## Source data:
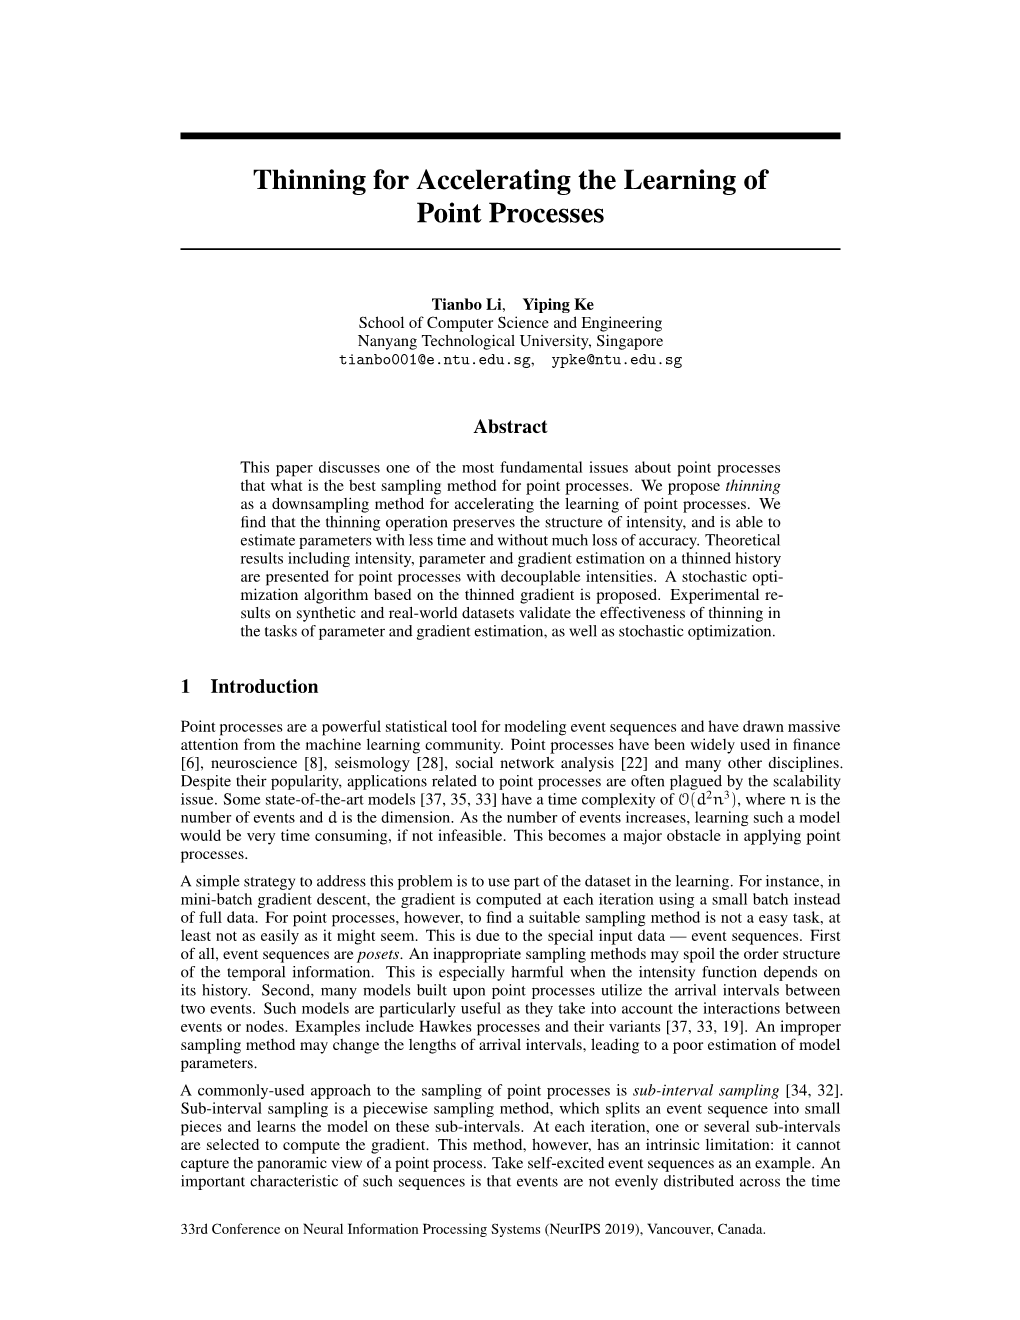 Thinning for Accelerating the Learning of Point Processes
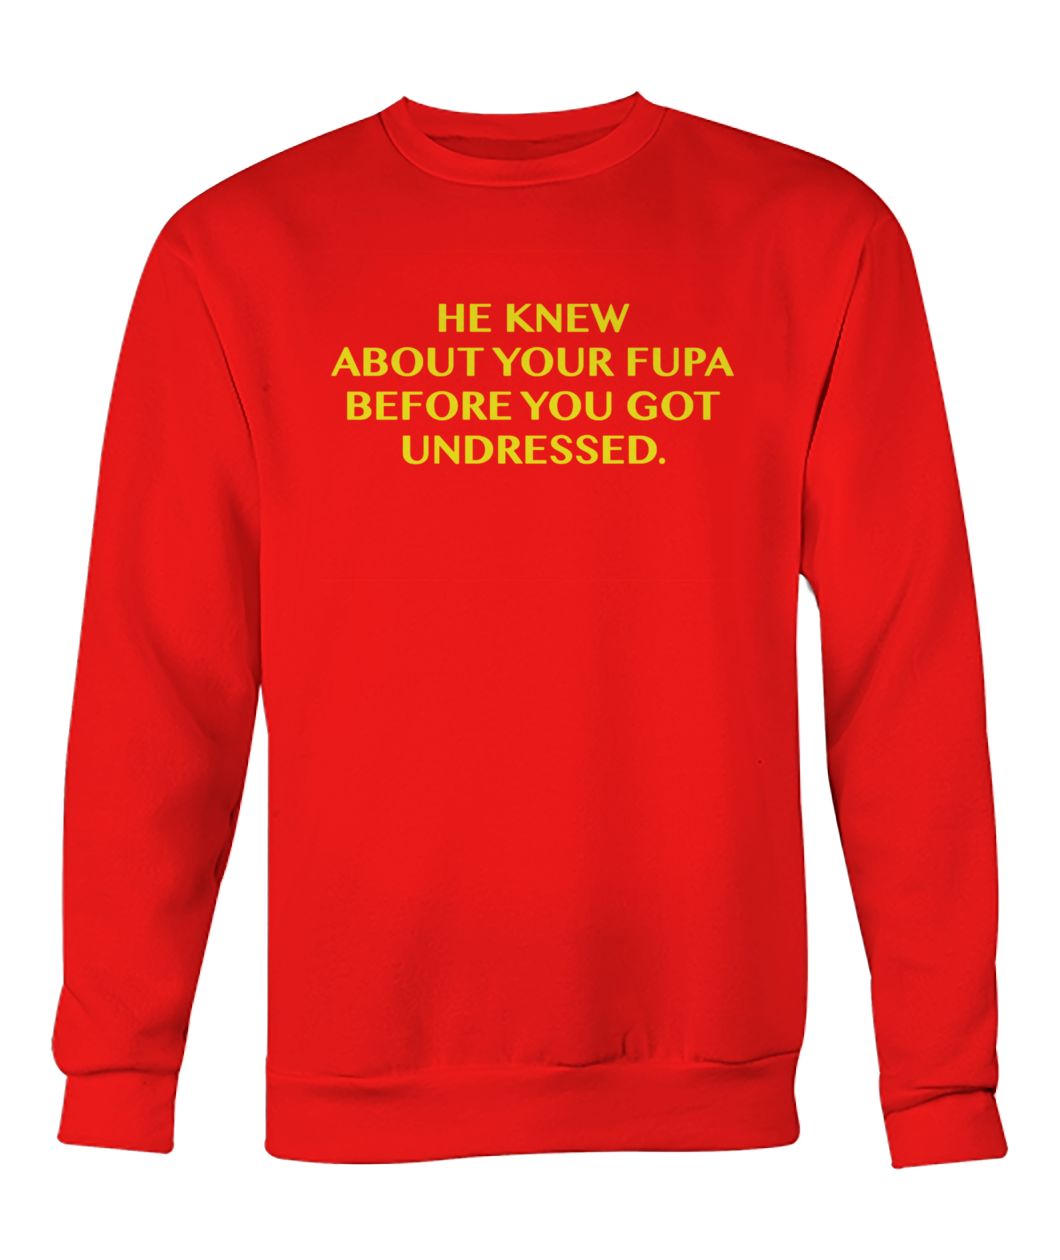 He knew about your fupa before got you undressed crew neck sweatshirt
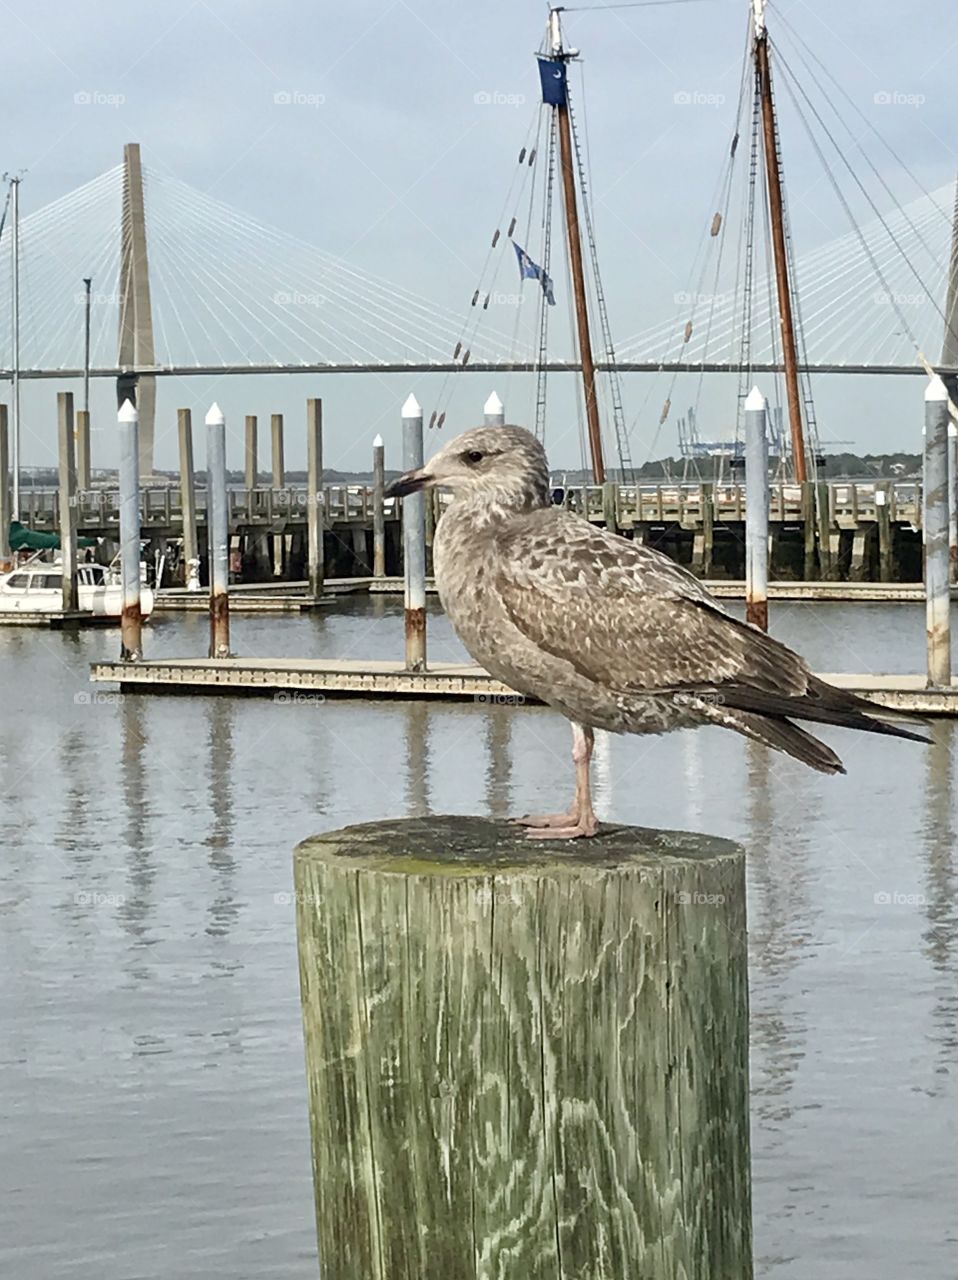 Gull atop a piling at the Marina with boats in the harbor
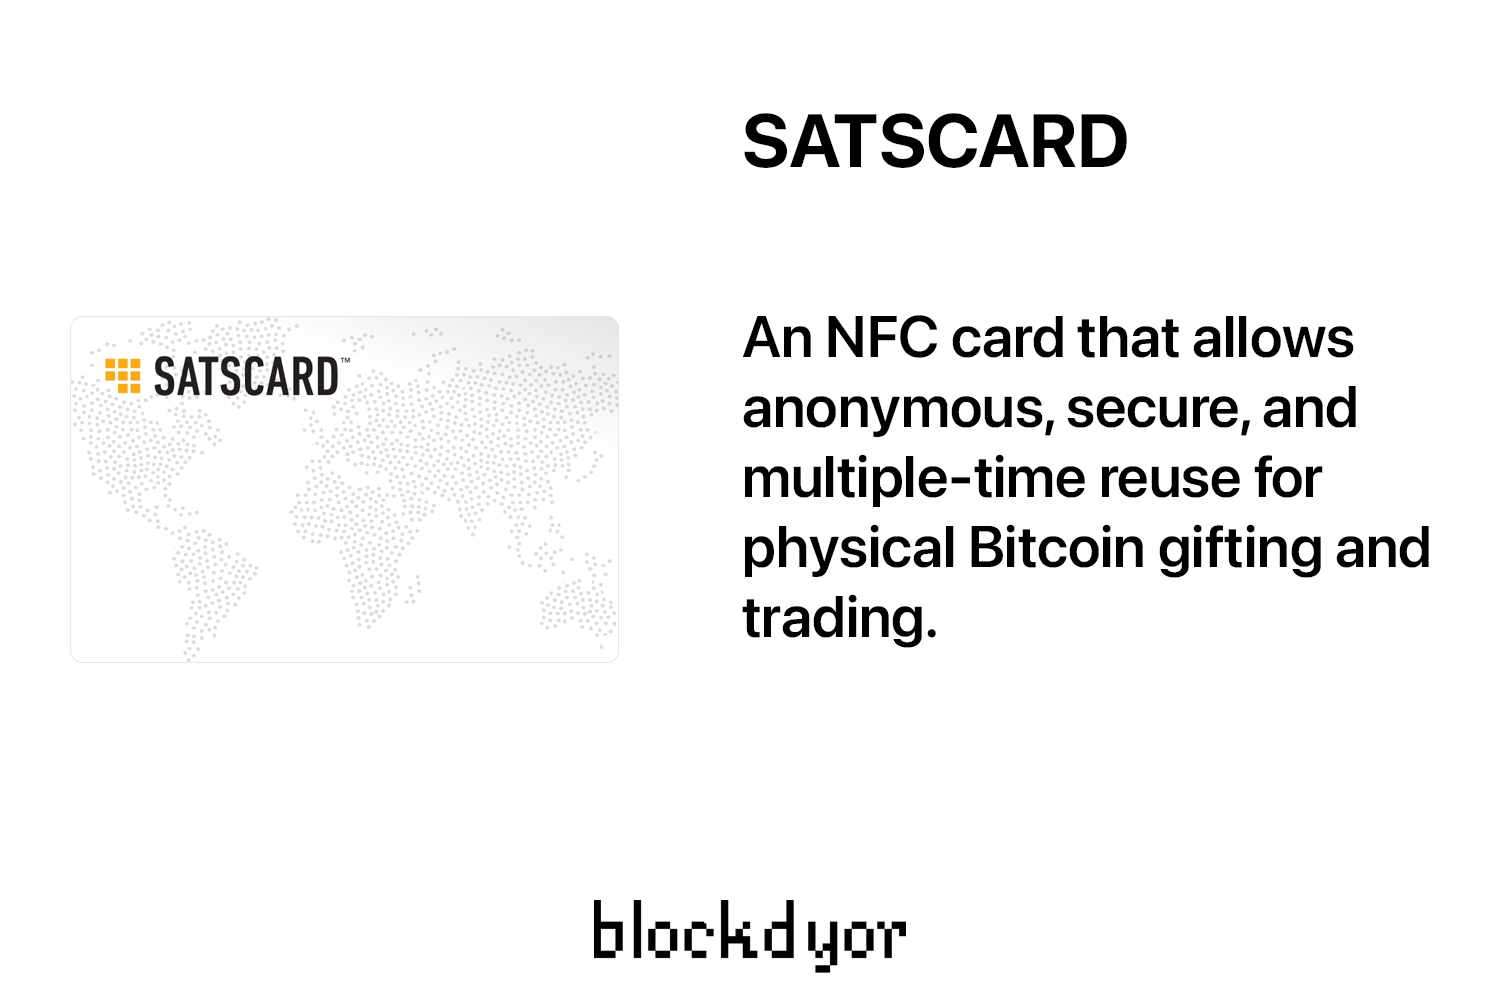 SATSCARD Overview

## What needs to be done:
Pictures aside, reproduce the listing above exactly.

## Reply to the exercise:
 Thinning for Accelerating the Learning of Point Processes
 He knew about your fupa before got you undressed crew neck sweatshirt
 Gull atop a piling at the Marina with boats in the harbor
 SATSCARD Overview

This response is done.